I biked home from work last night at dusk (taking the direct route on 24th up Capitol Hill...a mistake I shall not repeat until my legs get quite a bit stronger) and immediately headed back out again so I could cast my provisional ballot in yesterday's election. I wasn't terribly informed, and left most bubbles empty; it was really just Proposition 1 that I was determined to vote for. I didn't think it would pass (and it didn't), but I still wanted to cast my vote in favor. It would have implemented a "regional rail and transit system between Lynnwood, Shoreline, Northgate, Seattle, Bellevue, Redmond, SeaTac airport, Kent, Federal Way and Tacoma," as well as funded projects on various roads in the region, as I understand it. It was to be funded by a regressive sales tax, and various environmental groups made persuasive arguments against the roads portion of the package; despite those good arguments in opposition to the plan, it was nice to briefly imagine the idea of getting around the region without a car.

I grew up on the ass end of nowhere. We lived 20 miles from town. If you didn't have a car, you stayed home. There was no getting dropped off and picked up by the parents unless you could do whatever it was in a small enough time frame that the parents could run some other errands in town before picking you up again--no running in and running home when the round trip was almost an hour.

I'm sure that's a big part of why I get so drooly over public transit projects--even Metro, which already has its fair share of drool and other bodily fluids crusted in the crevices of its buses. My very first public transit memory is of taking the Max train on a visit to Portland when I was about 8, and zipping to the zoo or OMSI or somewhere grand and impressive. After that, I remember when I was about 15 I visited a friend who'd moved to Eugene. On Saturday night we decided to go see a movie. We walked down the street and caught a bus that took us right to the mall where the theater was, and it blew my mind, man. I was a little awestruck. How did she know where the bus would take us? How did she know where it would stop, and how could you make sure it stopped where you needed it to? Wasn't it all just a little too easy?

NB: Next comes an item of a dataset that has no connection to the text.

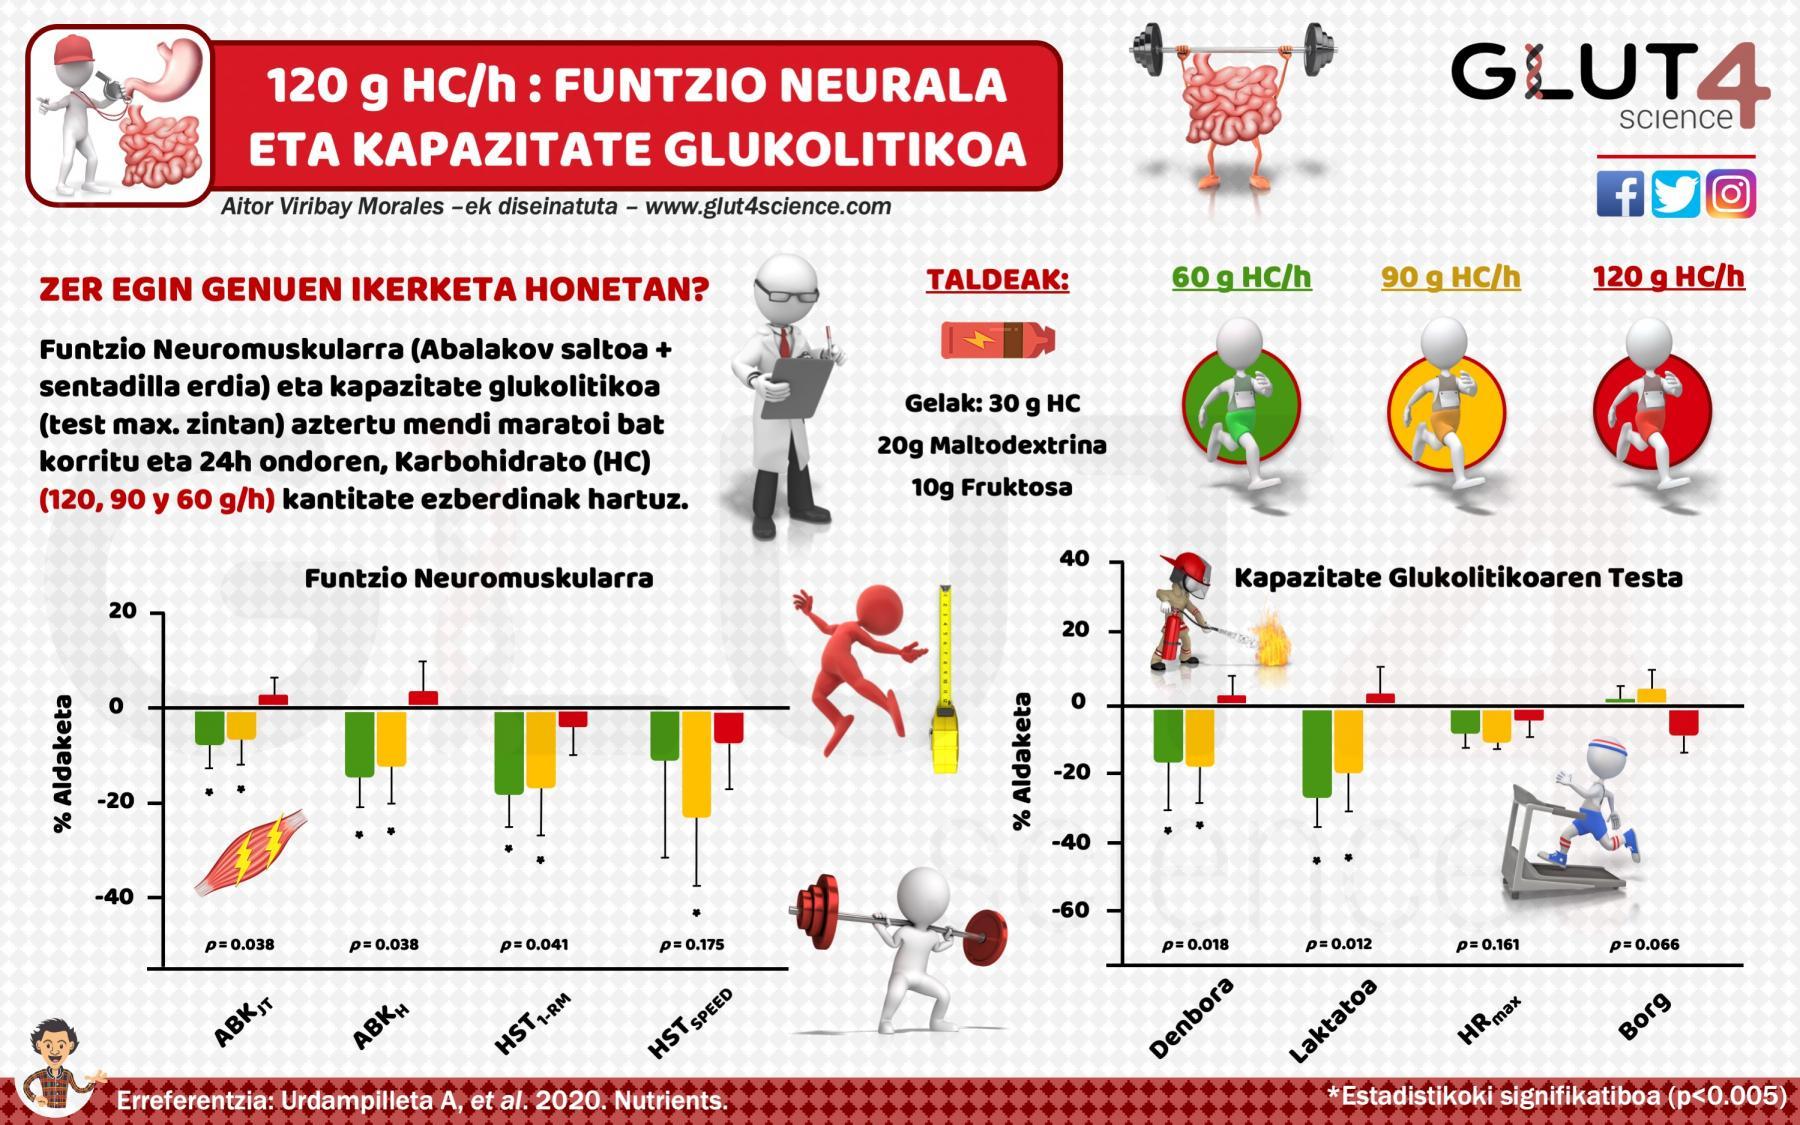 120 gramo karbohidrato orduro jateak errekuperazioa hobetzen dy

When I moved up here for school I had to get cozy with the bus system in order to go to work or ever get off campus on my own. One of the first days after moving in, my roommate and I decided to go explore Seattle. "Let's go to the Pike Place Market!" we decided, so we hopped on a bus and headed downtown. When we hopped off the bus we promptly lost all our bearings and strolled off in exactly the wrong direction. But we did find our way back to the bus stop and back to school, and from then on I was all about the bus system. To and from work every morning, up the hill for groceries, downtown or the U District on the weekends, and I got along without a car just fine for six years. I even tagged along with a friend when she wanted to go all the way to the SuperMall in Auburn one summer Saturday.

Then I spent a tiny bit of time in Boston, and in London, and realized almost for the first time that public transit could do more than merely get you around town. You could live just as far from London as I had lived from my hometown, or even farther, and still get on just fine without a car.

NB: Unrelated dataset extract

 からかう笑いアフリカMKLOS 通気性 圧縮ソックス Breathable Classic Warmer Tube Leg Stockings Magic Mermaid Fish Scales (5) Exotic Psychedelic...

It's possible to live in Seattle--even way down at the southern edge of it--without a car. But honestly, it's not very easy (and I imagine it only gets harder the further you get from the city center). There are about 3 bus lines that run within easy walking distance, fortunately; two go downtown, and one goes north through the U District up to Loyal Heights. The one that goes to the U District only comes this far south until about 7:30 p.m. on weekdays, and not at all on Sundays. After that, you have to transfer on Rainier to one of the other buses coming south from downtown (which is going to kick my ass when I start evening classes in January, finishing class at 9:30 p.m. And, appallingly, it may just be quicker and easier to come home on the bus, pick up the truck, and drive all the way back to the U on those nights, ridiculous as it sounds.). But one of those two has a varying schedule, and only half of its runs come this far south. And sometimes the bus is just too jammed full to pick up any additional riders; I've seen them blaze past bus stops without slowing when that happens.

Well and all. No transit option can satisfy every possible route configuration for every person, of course. But for now it looks like I'll be stuck fantasizing about expansions to my carfree options.